14

I would like to create a new tensor in a validation_epoch_end method of a LightningModule. From the official docs (page 48) it is stated that we should avoid direct .cuda() or .to(device) calls:

There are no .cuda() or .to() calls. . . Lightning does these for you.

and we are encouraged to use type_as method to transfer to the correct device.

new_x = new_x.type_as(x.type())

However, in a step validation_epoch_end I do not have any tensor to copy device from(by type_as method) in a clean way.

My question is what should I do if I want to create a new tensor in this method and transfer it to the device where is the model?
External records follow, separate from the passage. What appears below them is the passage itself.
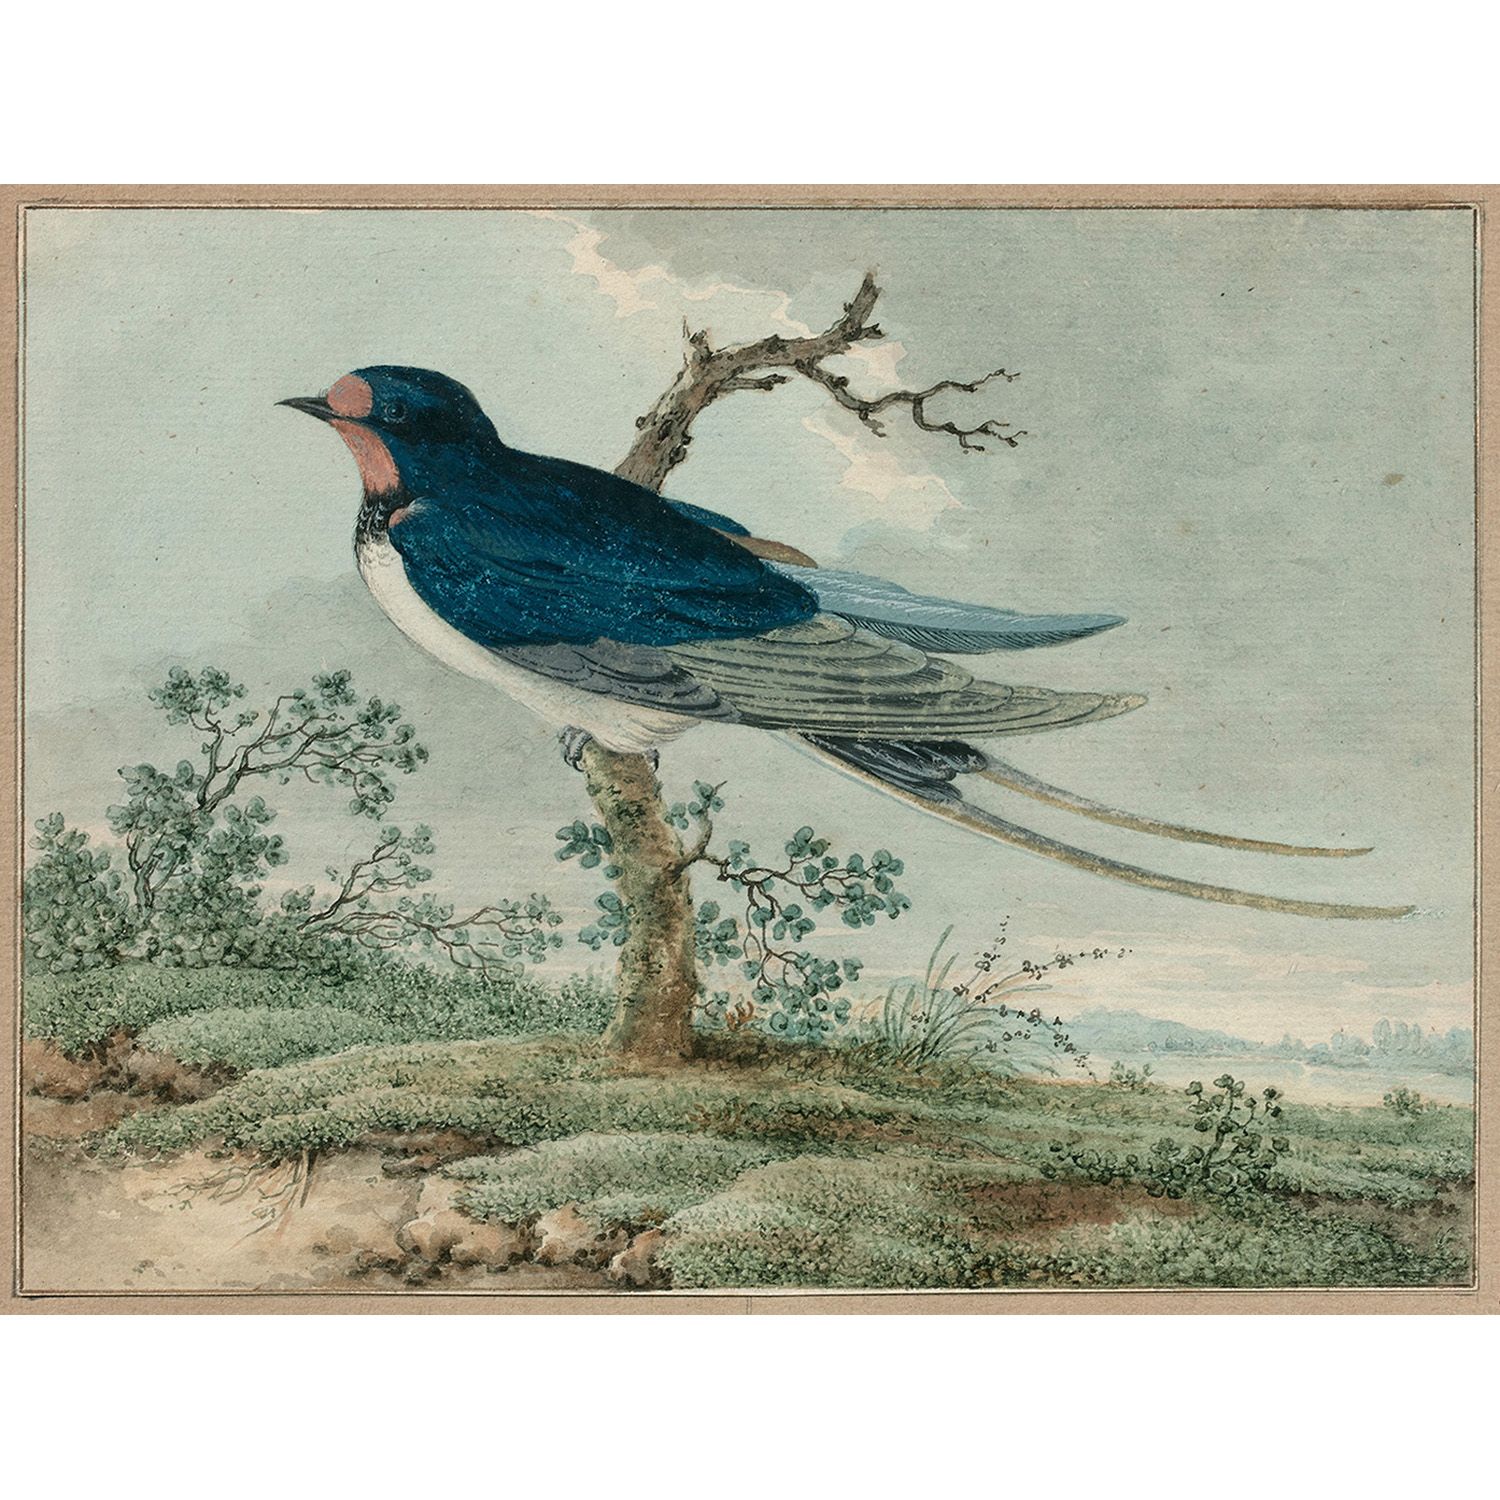 Null GERARD VAN VEEN (active in Holland ca. 1620-1683)
A chimney swallow, called&hellip;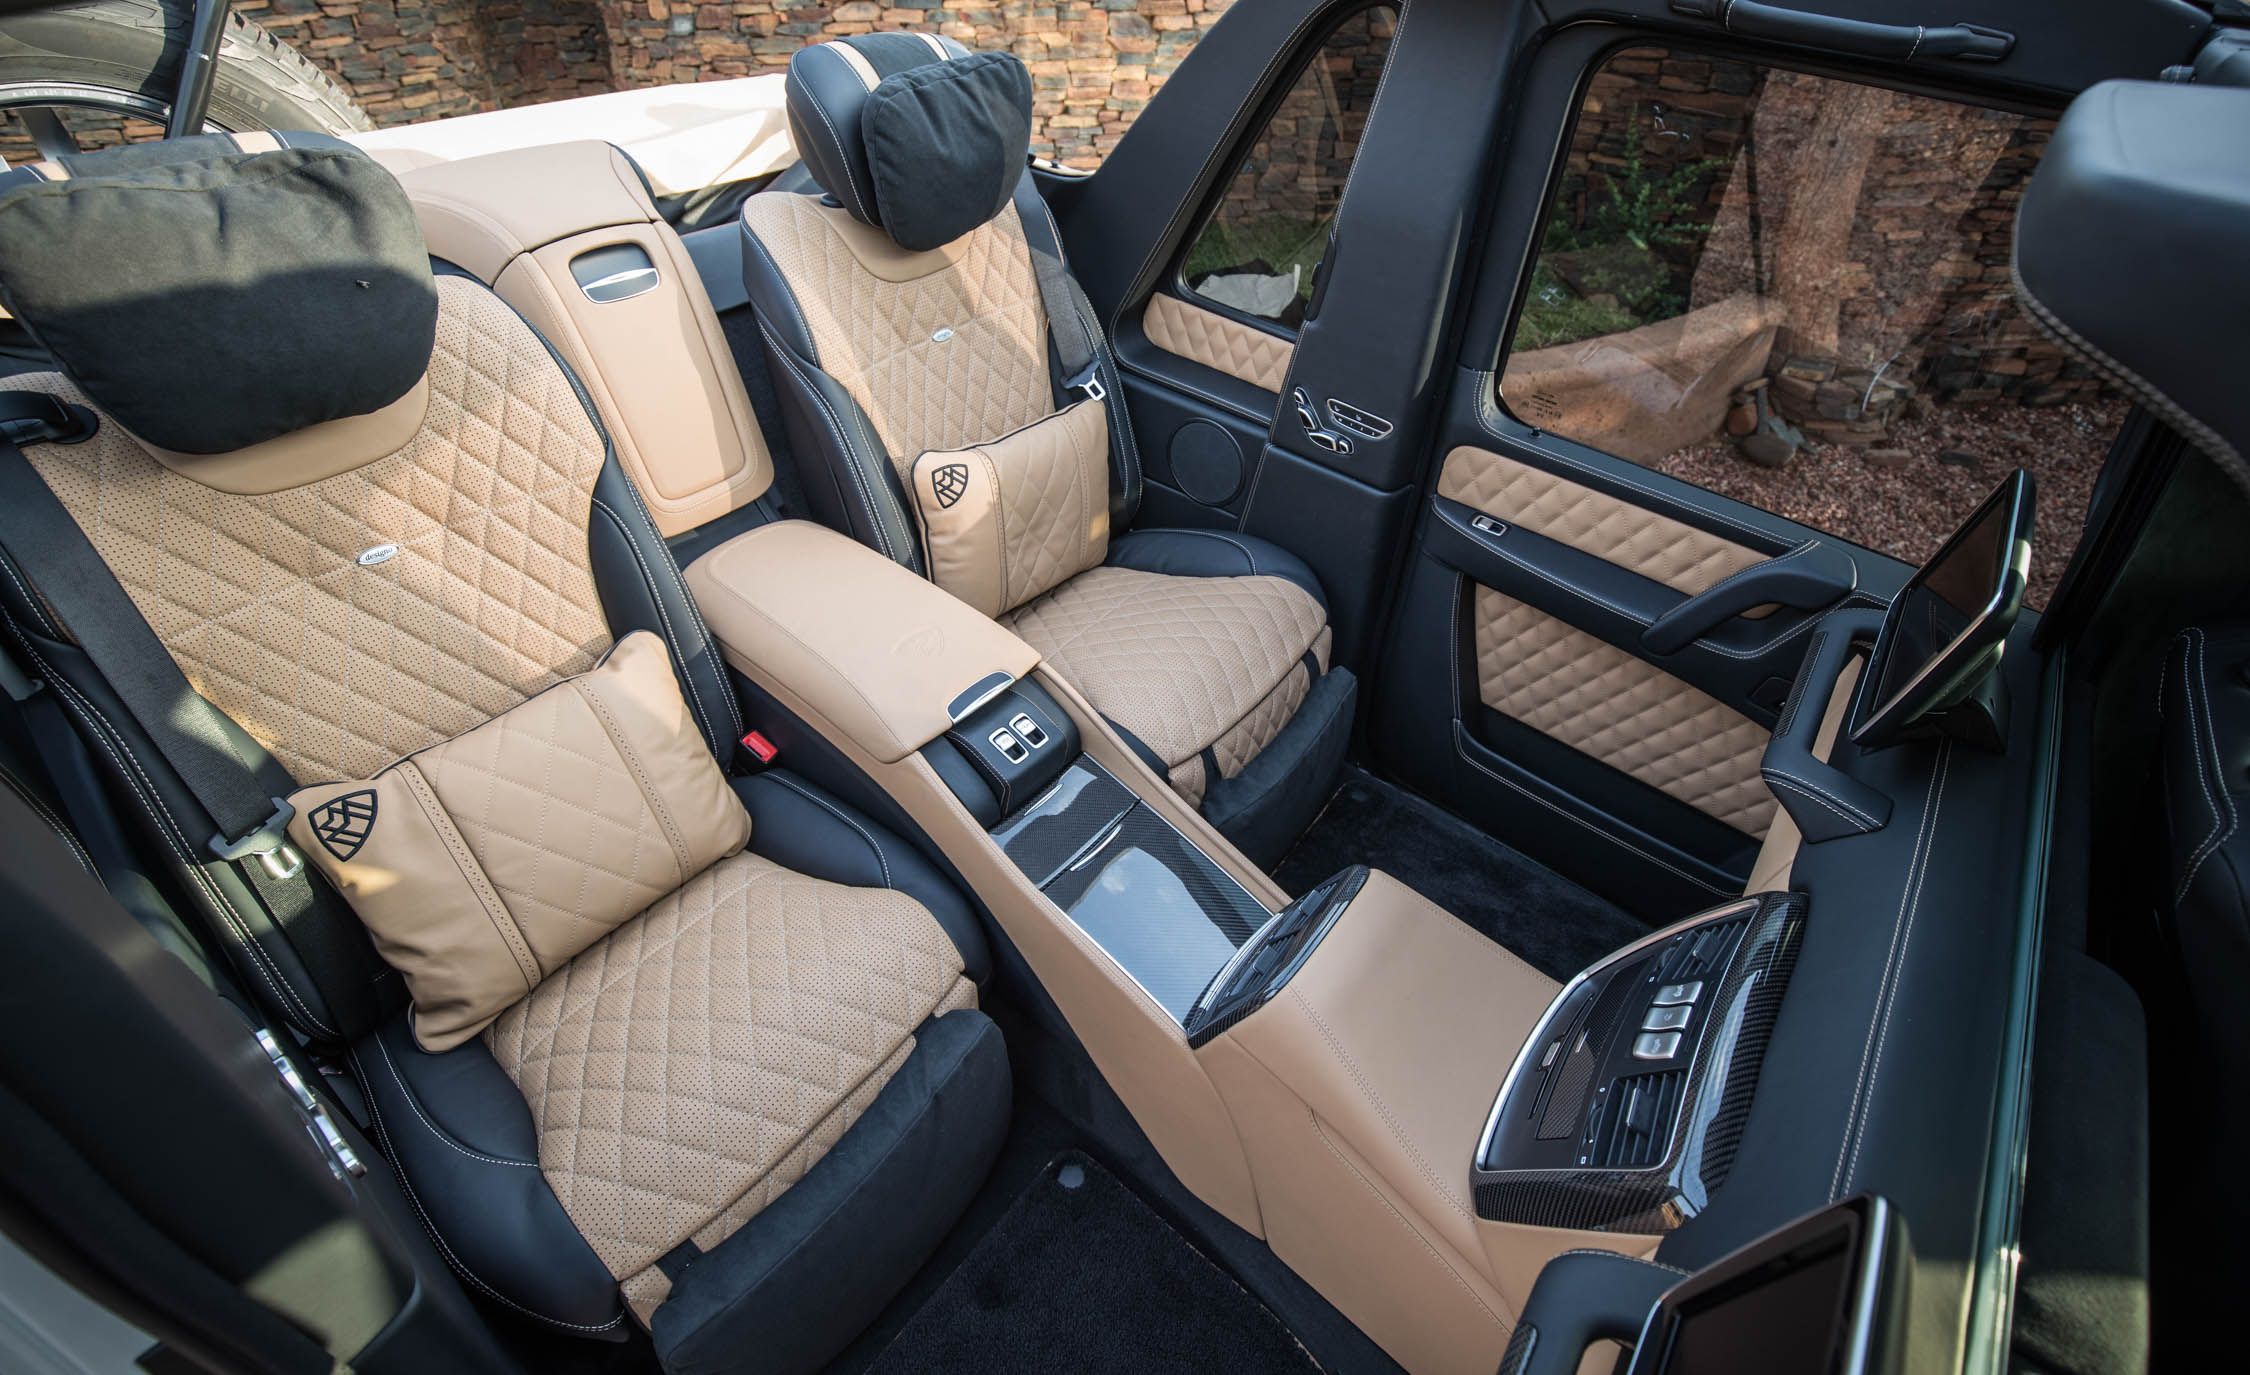 2018 Mercedes Maybach G650 Landaulet Interior Seats Rear Passengers (View 34 of 52)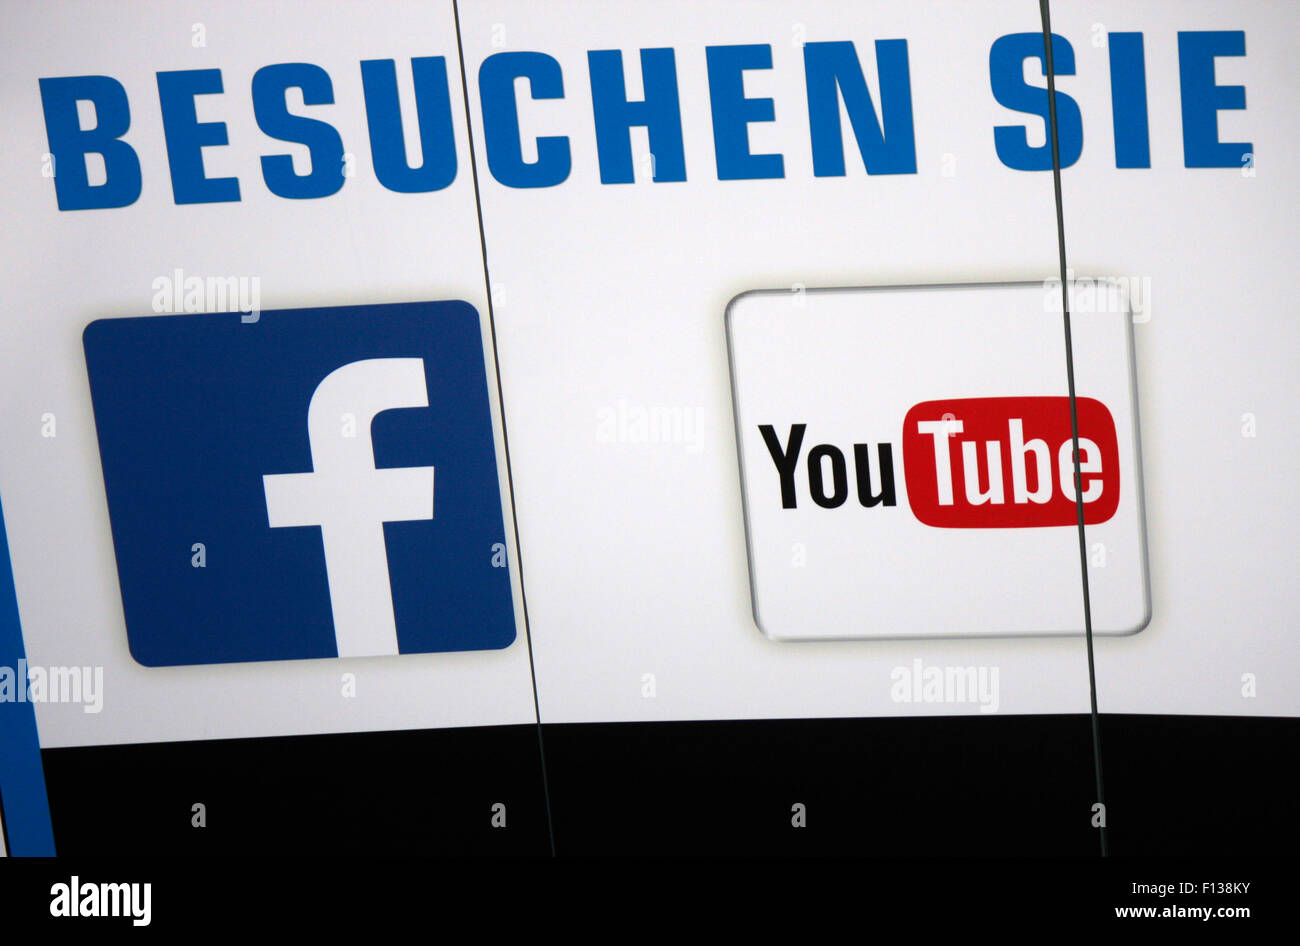 Markennamen: "Facebook" Und "Youtube", Frankfurt Am Main. Stockfoto

The only thing I can think of is to find a tensor in the outputs dictionary but it feels kinda messy:

avg_loss = torch.stack([x['val_loss'] for x in outputs]).mean()
output = self(self.__test_input.type_as(avg_loss))

Is there any clean way to achieve that?

Szymon Knop
  • 509
  • 1
  • 6
  • 16

1 Answers1

22

did you check part 3.4 (page 34) in the doc you linked ?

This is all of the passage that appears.